In 2014, a medical staff assistant who worked for the hospital from July 2011 to May 2013, filed a complaint with the American Arbitration Association seeking class action status and an unfair labor practices charge with the NLRB. Thereafter, Cedars-Sinai moved to compel individual arbitration against her in February 2015 by filing a complaint for declaratory relief in a state action in Los Angeles Superior Court (BC571046).

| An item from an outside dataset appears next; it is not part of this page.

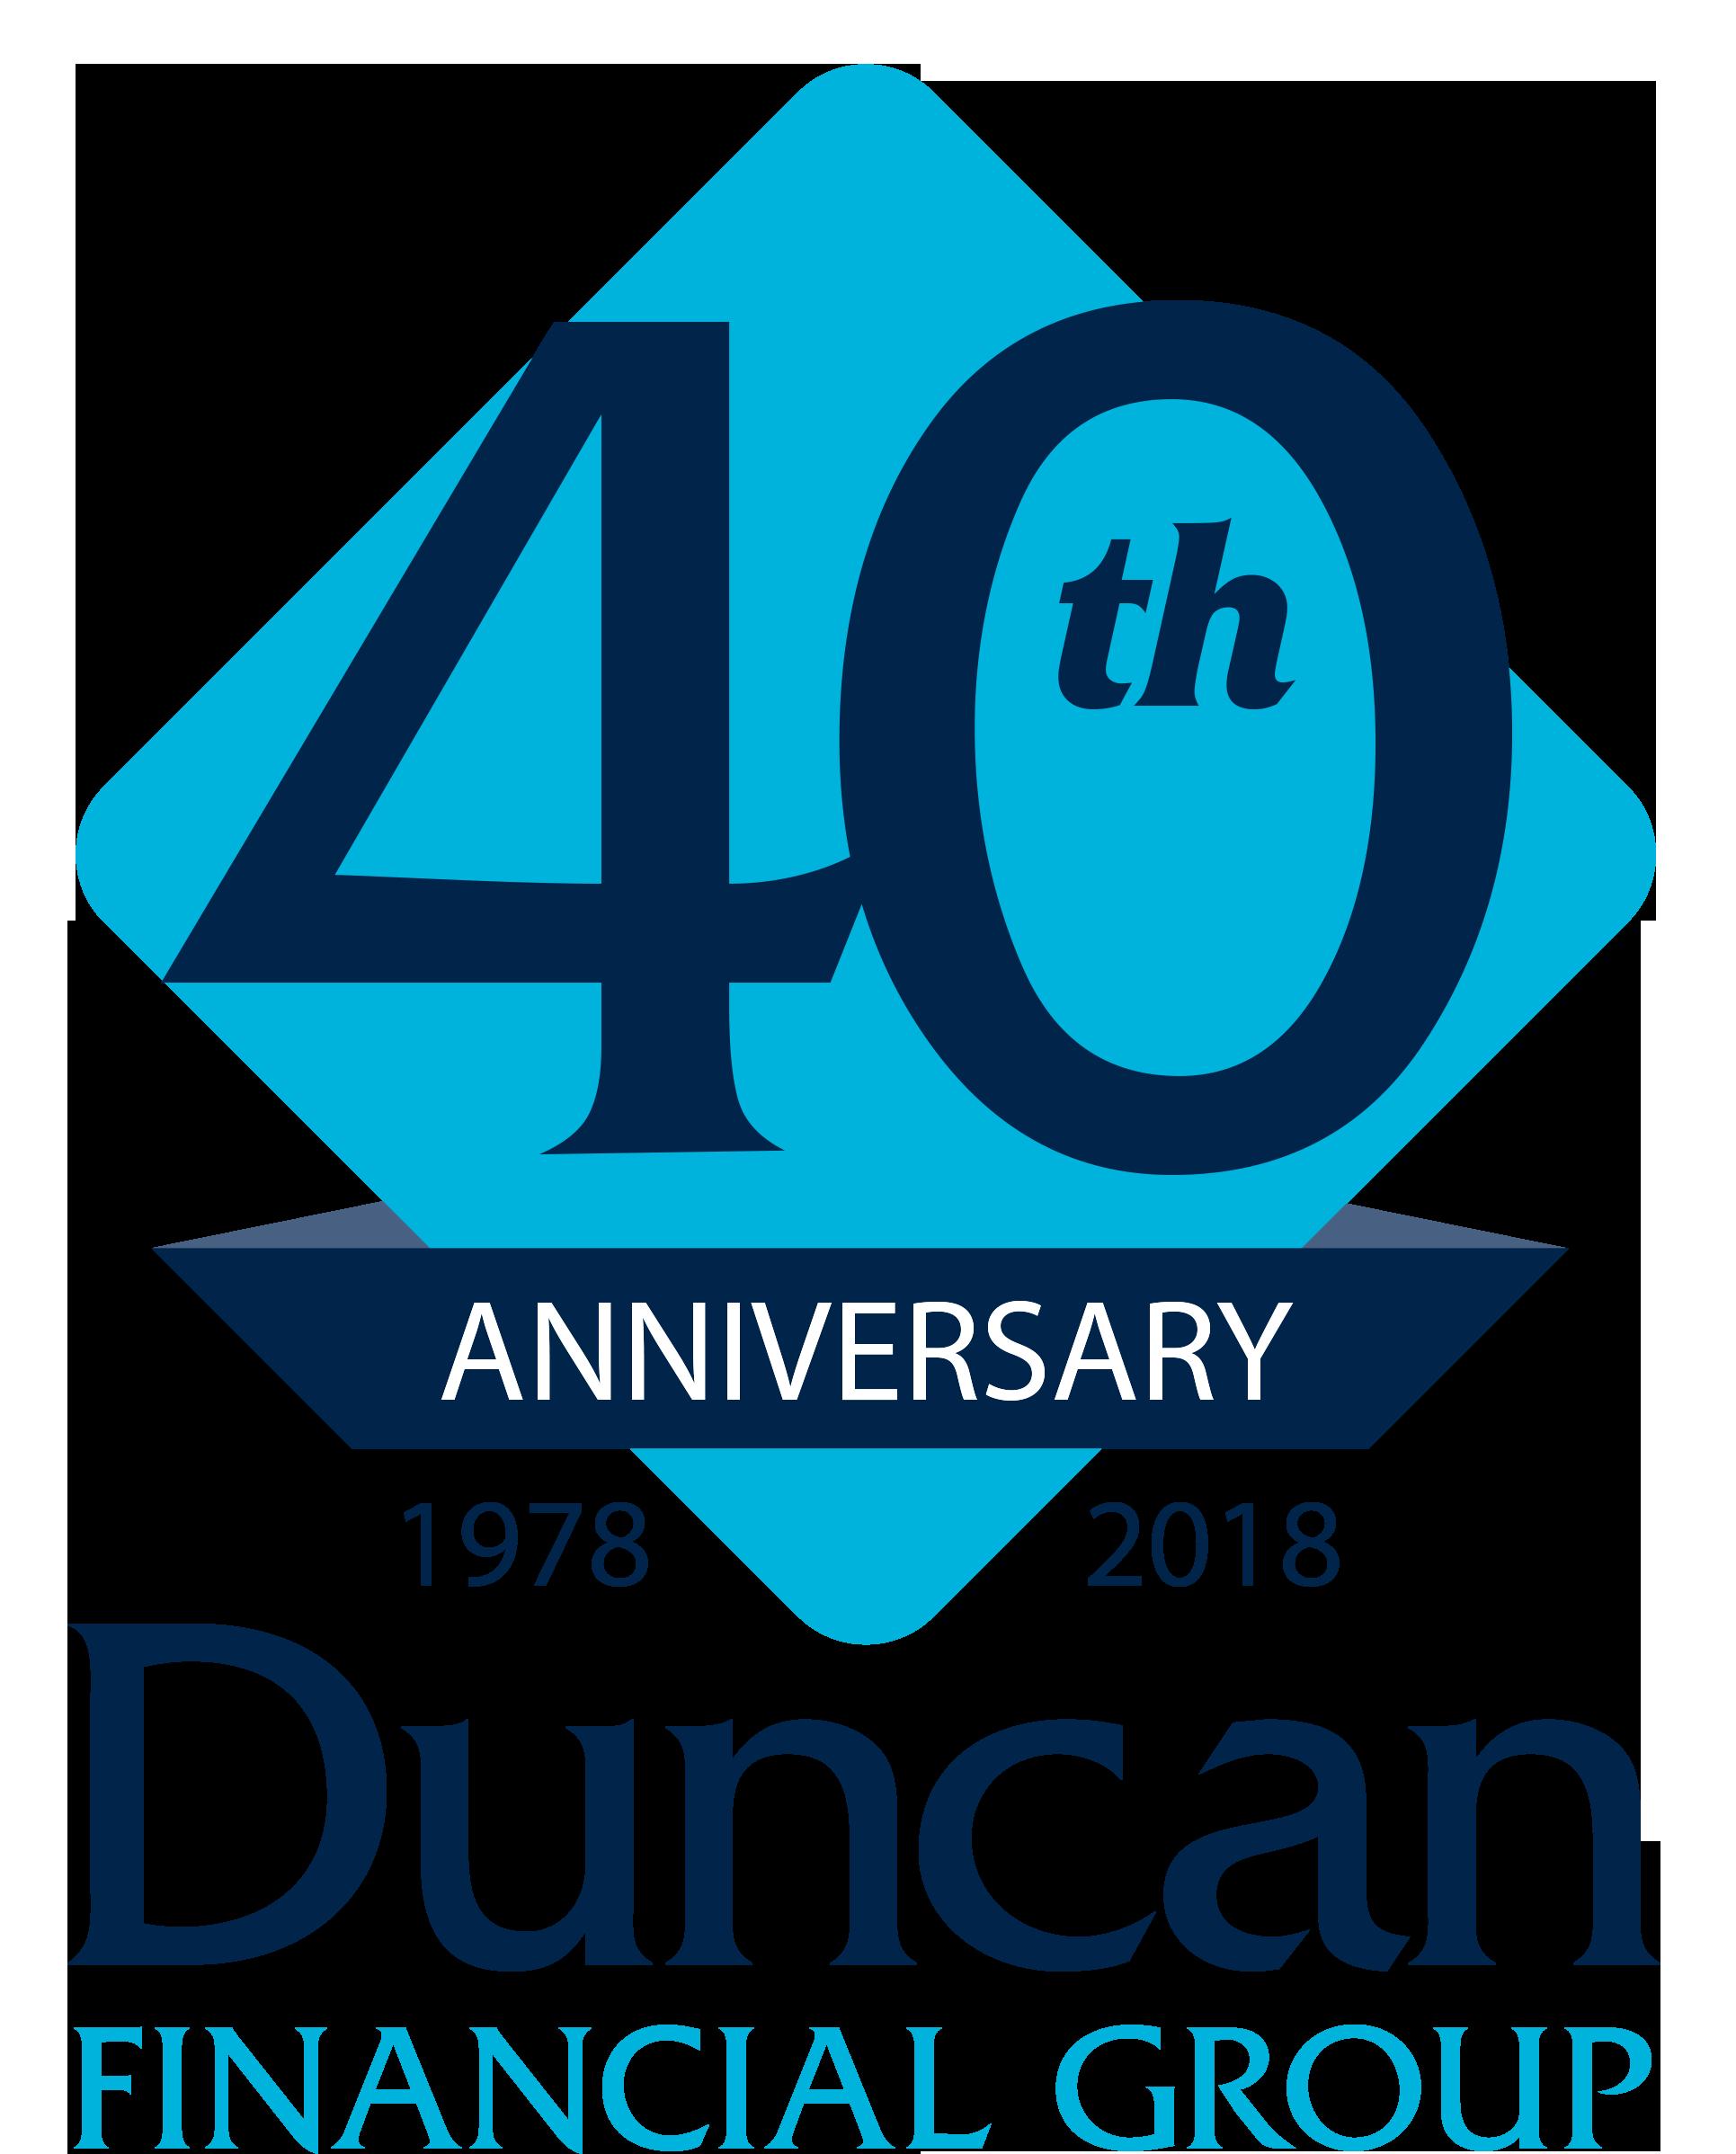 40th anniv logo final

Judge Sotolongo’s decision relied on the NLRB’s decisions in D. R. Horton, 357 NLRB 2277 (2012), enf. denied in relevant part 737 F.3d 344 (5th Cir. 3013), and Murphy Oil USA, Inc., 361 NLRB No. 72 (2014), enf. denied in part 808 F.3d 1013 (5th Cir. 2015), both of which held that enforcement of individual arbitration on employees seeking class labor law claims was illegal. See slip op. at 6-7. Unlike D.R. Horton and Murphy Oil, however, the mandatory arbitration agreement in Cedars-Sinai does not explicitly preclude employees from initiating or seeking class or collective action status in arbitration or in other forums; it is silent on the issue. Because of this, Judge Sotolongo held that the applicable standard here was an objective one—that is, whether employees could reasonably interpret the language of the agreement to act as a barrier to filing charges with the Board, among other criteria, such as whether the rule was issued in response to union activity (it was not). The court concluded that employees could reasonably interpret Cedars-Sinai’s agreement to bar class or collective actions. Slip op. at 6-8. Because of the sweeping language stating workers were required to submit to arbitration “all statutory, contractual and/or common law claims,” the judge gave little weight to the exceptions listed in the arbitration agreement, such as the exclusion of claims “preempted by federal labor laws,” finding it “too vague” for a worker with no legal training to understand its consequences. Id. at 6-7. However, D.R. Horton and Murphy Oil did apply where the hospital tried to enforce the arbitration agreement by filing the declaratory state court action to compel the employee into individually arbitrating her employment-related claims. This restricts employee rights under section 7 of the National Labor Relations Act to pursue concerted or collective action, and thus Cedars-Sinai was in violation.

Although the Fifth Circuit has rejected the NLRB’s views on both D. R. Horton and Murphy Oil, Judge Sotolongo wrote that he was “compelled to follow the Board’s decisions unless the Supreme Court overrules the Board.” Slip op. at 9. Thus, he ordered Cedars-Sinai to “rescind [or revise] the mandatory and binding arbitration agreements in all of its forms,” provide employees with notice of such changes, notify the state court of the revision and rescission of the arbitration agreement (upon which Cedars-Sinai had based its claim to compel individual arbitration), and to inform the state court that it no longer opposes the lawsuit on the basis of that arbitration agreement. Id. at 11. Any revision, the judge stated, should clarify that such an agreement does not restrict employees from pursuing wage-and-hour actions or other employment-related actions on a class or collective basis in any forum, and specifically does not prevent employees from filing charges with the NLRB. Id. at 10. Cedars-Sinai was also required to reimburse the employee for reasonable attorneys’ fees and expenses, with interest. Id. at 12.